Supernova, la recensione
Supernova di Harry Macqueen è un compromesso non soddisfacente tra una volontà anti-melodrammatica e il desiderio di emozionare. Due opposti qui praticamente inconciliabili
Chissà se c’è un motivo specifico o se è solo un caso il fatto che, negli ultimi tempi, il cinema mainstream sta sentendo il bisogno di affrontare il tema della perdita di memoria. Film recenti quali The Father di Florian Zeller, Falling di Viggo Mortensen e, per l’appunto, Supernova di Harry Macqueen parlano infatti di uomini affetti da demenza/Alzheimer e anche - anzi, soprattutto - della difficoltà delle persone che gli stanno intorno a prendere le misure con la malattia, con una realtà cognitiva ed affettiva totalmente alterata.
Di questa relazione sappiamo pochissimo: è come se Macqueen volesse trattenere il più possibile ogni tipo di informazione sul passato dei due per concentrarsi sulla situazione in sé, per trasmettere il modo in cui ci si può sentire nell’affrontarla. In questo tipo di racconto visivo e di narrazione minimalista Harry Macqueen è sempre misurato, accorto. La dinamica è chiara nella sua gravità, è raccontata in modo onesto, senza alcuna volontà di crogiolarsi in modo spettacolare nel dolore. Bastano infatti due corpi separati nel piccolo spazio di un camper ma che sembrano distanti anni luce, o il buio avvolgente di una notte di soli sospiri per capire un intero universo di disperazione. L’ostinazione di Sam nel salvare Tucker quando nemmeno questo vuole farlo è palesemente uno strazio per il personaggio. Lo si capisce da come lo guarda, da come si ostina a rendere tutto perfetto.

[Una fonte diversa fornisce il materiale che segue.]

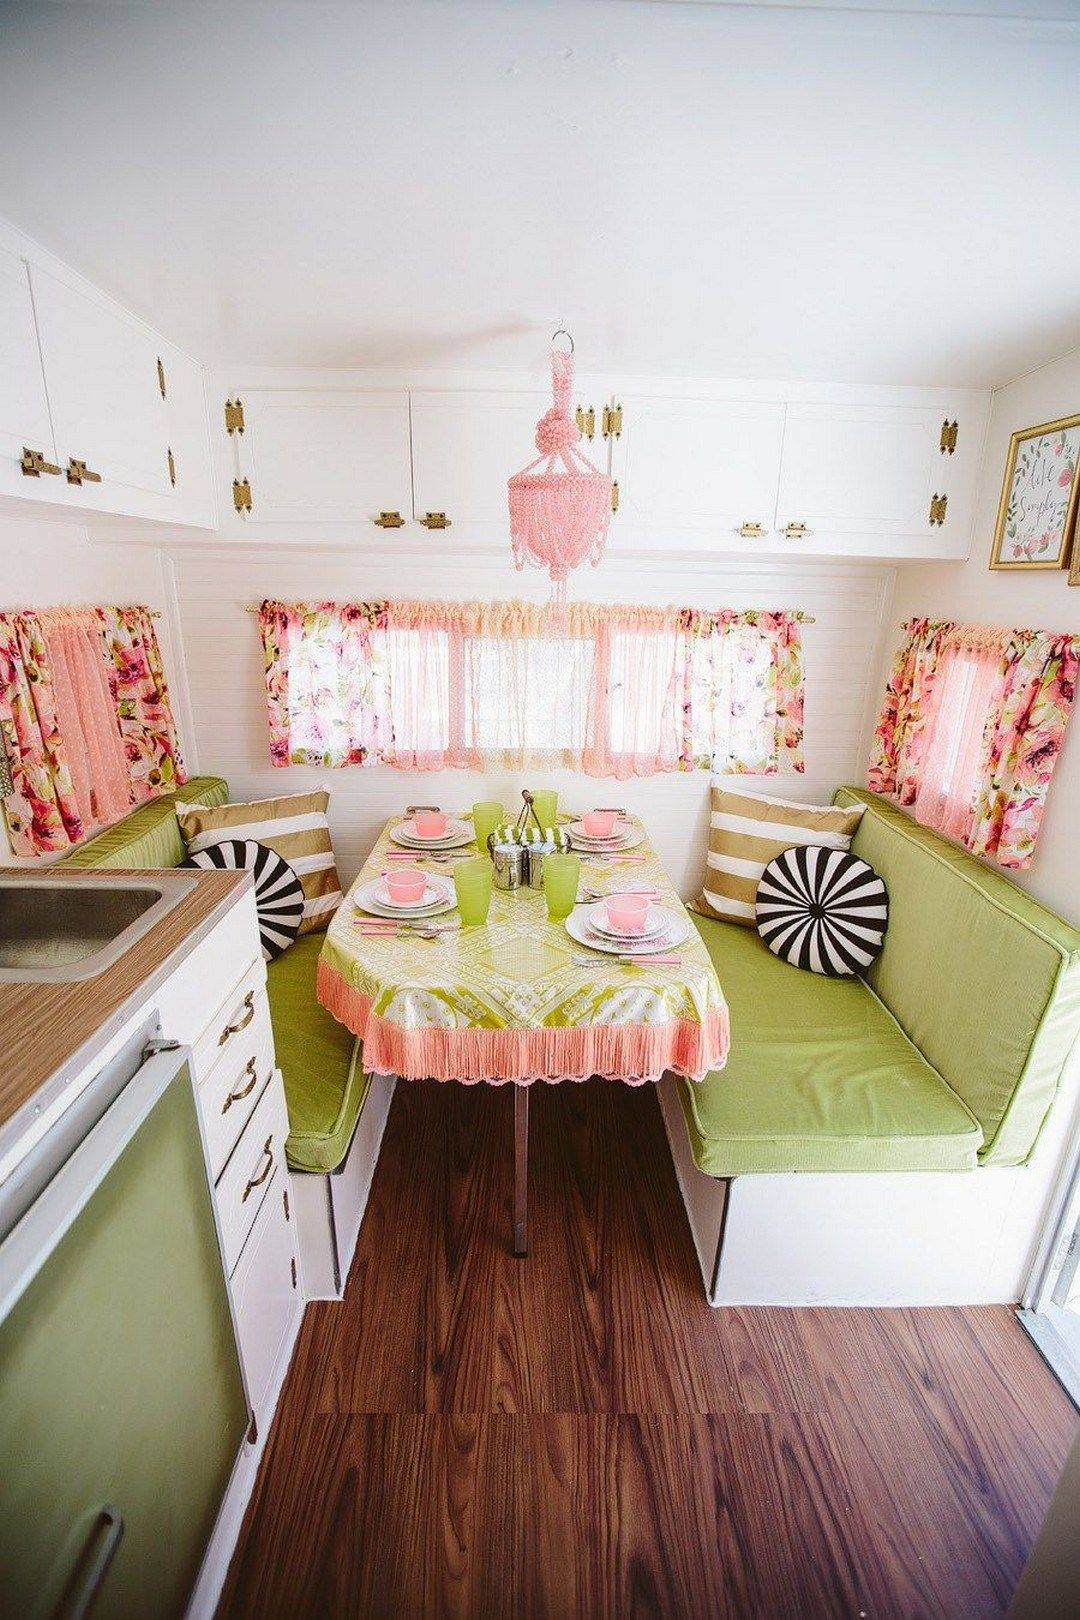 Small camper interior  vintage camper decor transformed into a cozy place  in

In questo senso sembra pericolosamente un compromesso la tipologia di recitazione sui cui si assestano Firth e Tucci, dovendo questi assumere su di sé il peso di bilanciare queste due spinte opposte (la negazione del melodramma e il coinvolgimento emotivo). È infatti sempre palese ma mai pienamente convinto il modo in cui, entrambi, si sforzano di tirare fuori durante i dialoghi un sottotesto profondo che le parole scritte da Macqueen invece non hanno affatto. L’intensità delle scene è alta, ma il mero contenuto non è alla pari della performance.

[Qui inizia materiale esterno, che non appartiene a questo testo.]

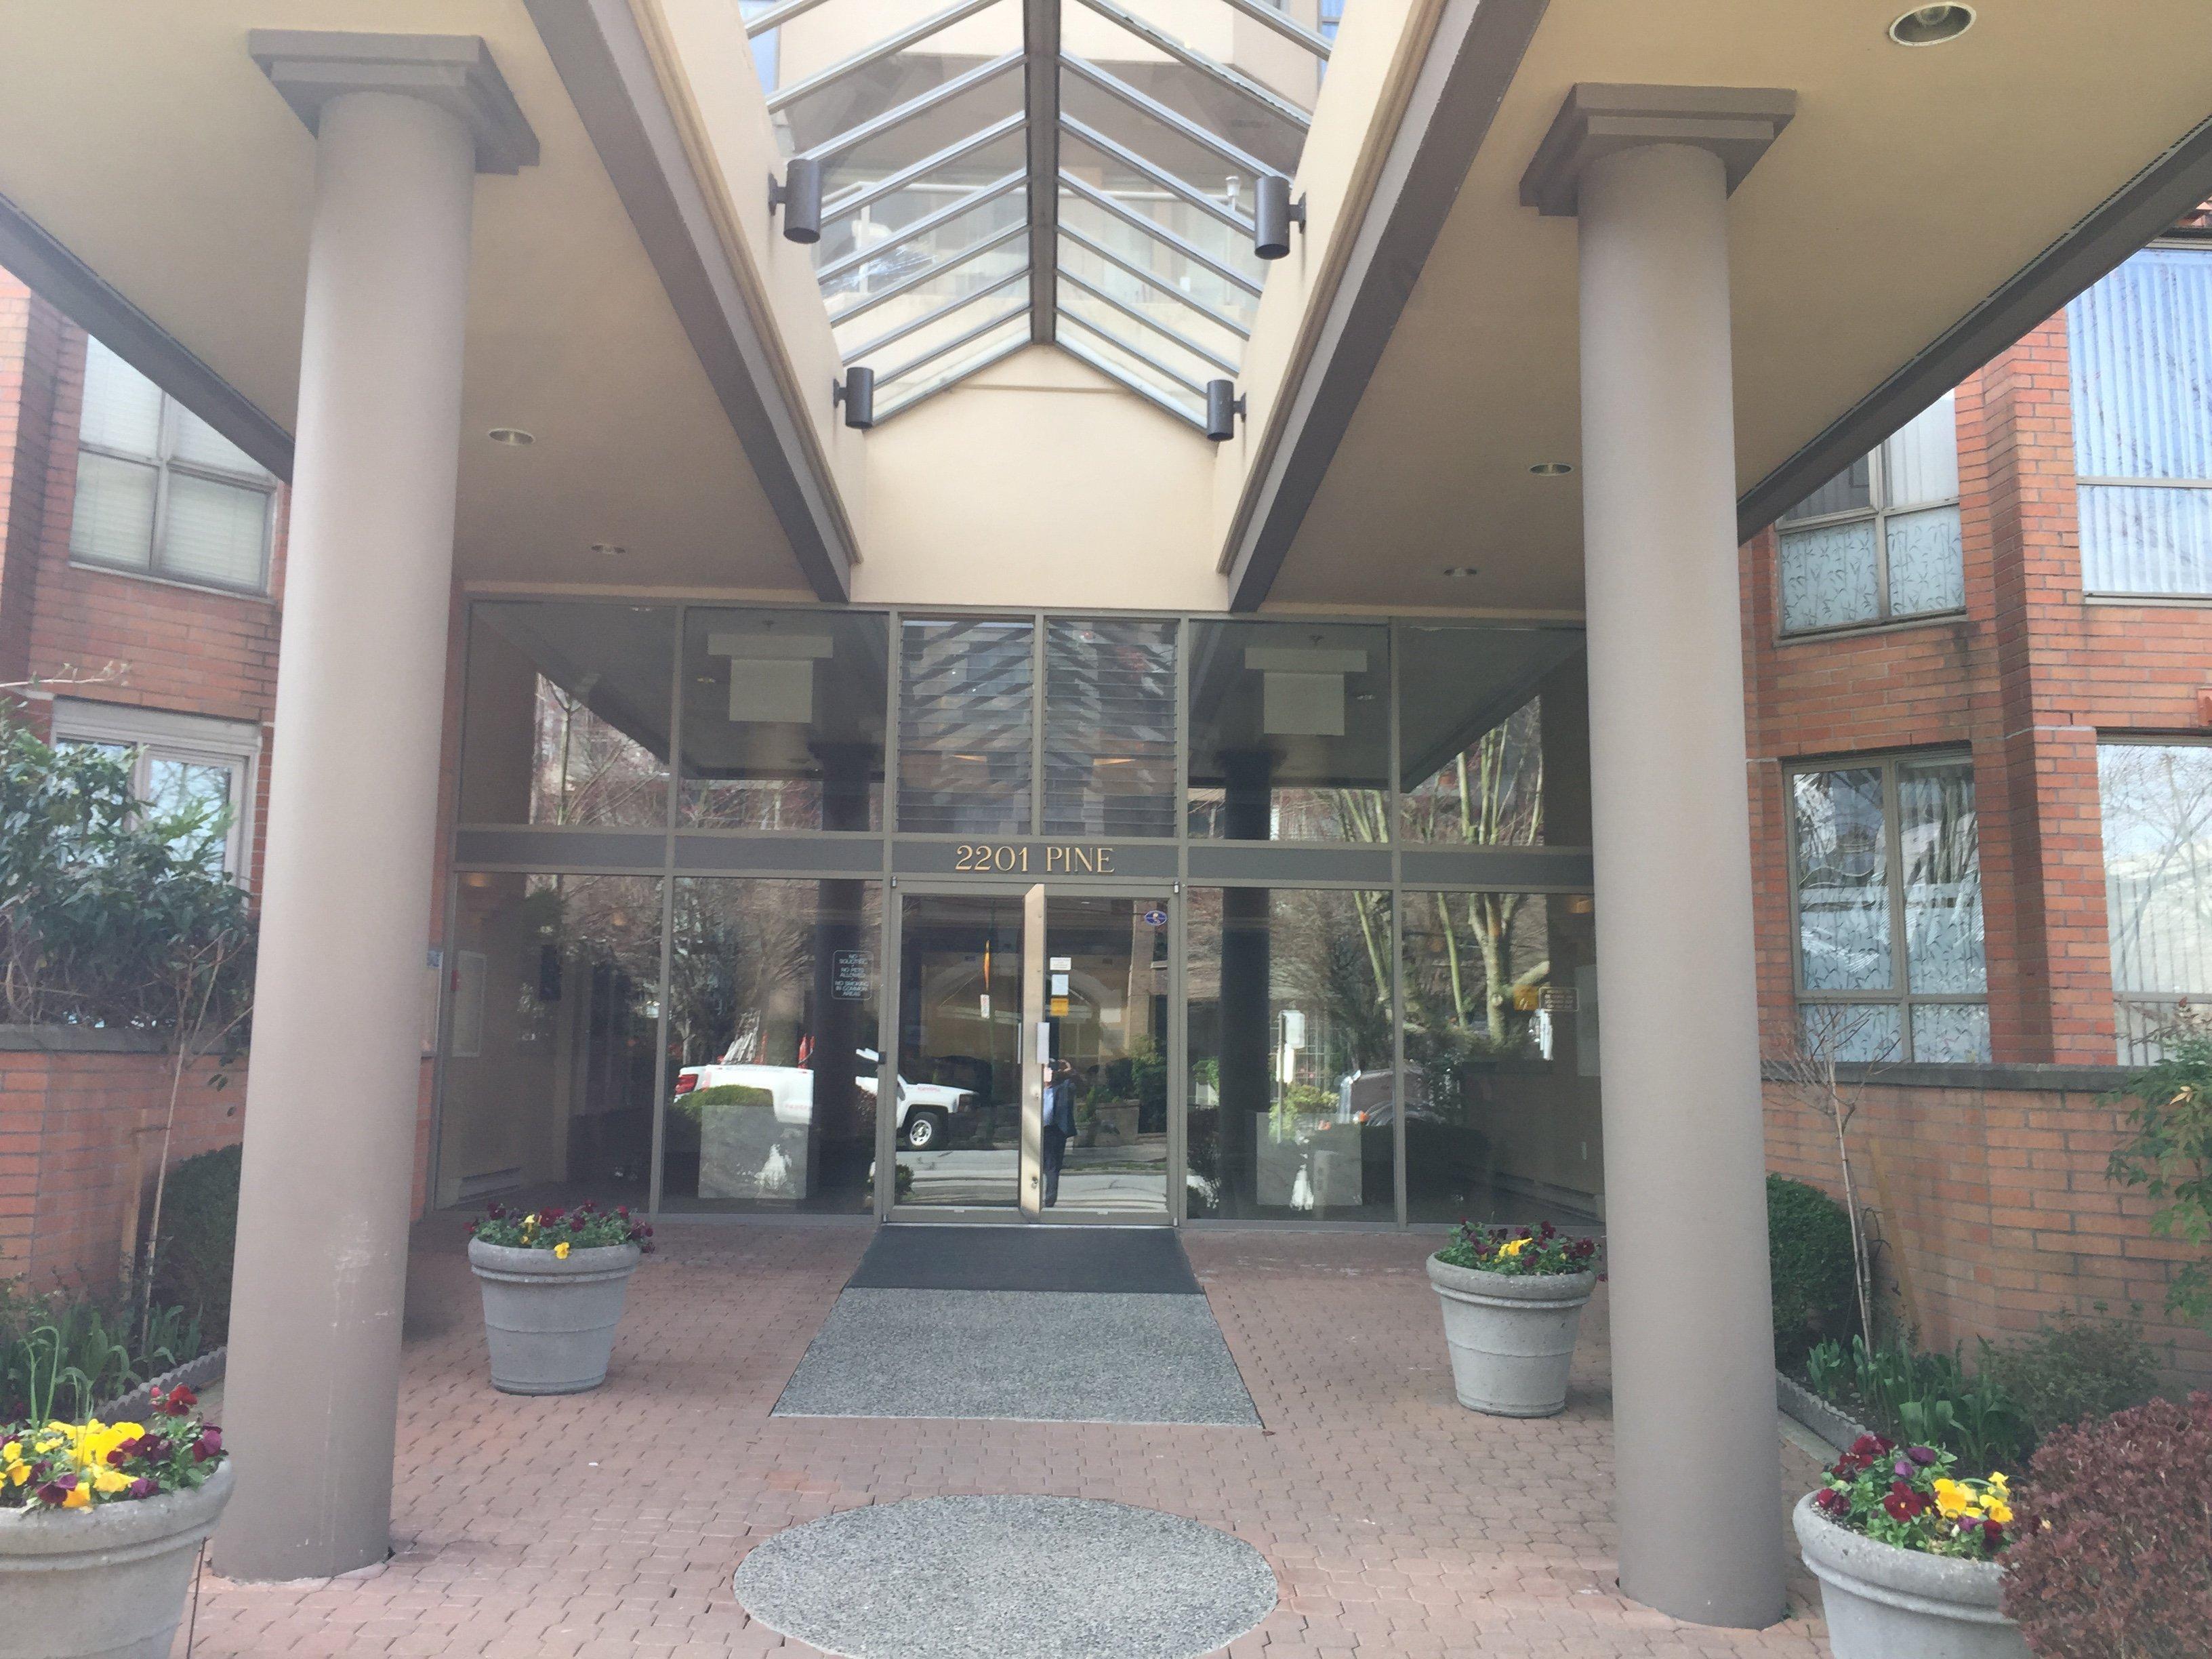 2201 Pine Entrance!

L’effetto di questo compromesso è allora una straniante via di mezzo, che né la creazione di un’atmosfera precisamente malinconica - di paesaggi bucolici bagnati dalla pioggia - né l’eleganza della messa in scena riescono a risolvere una volta per tutte. Forse a mancare qui a Macqueen è proprio la capacità di raccontare altro che non sia la mera situazione in sé.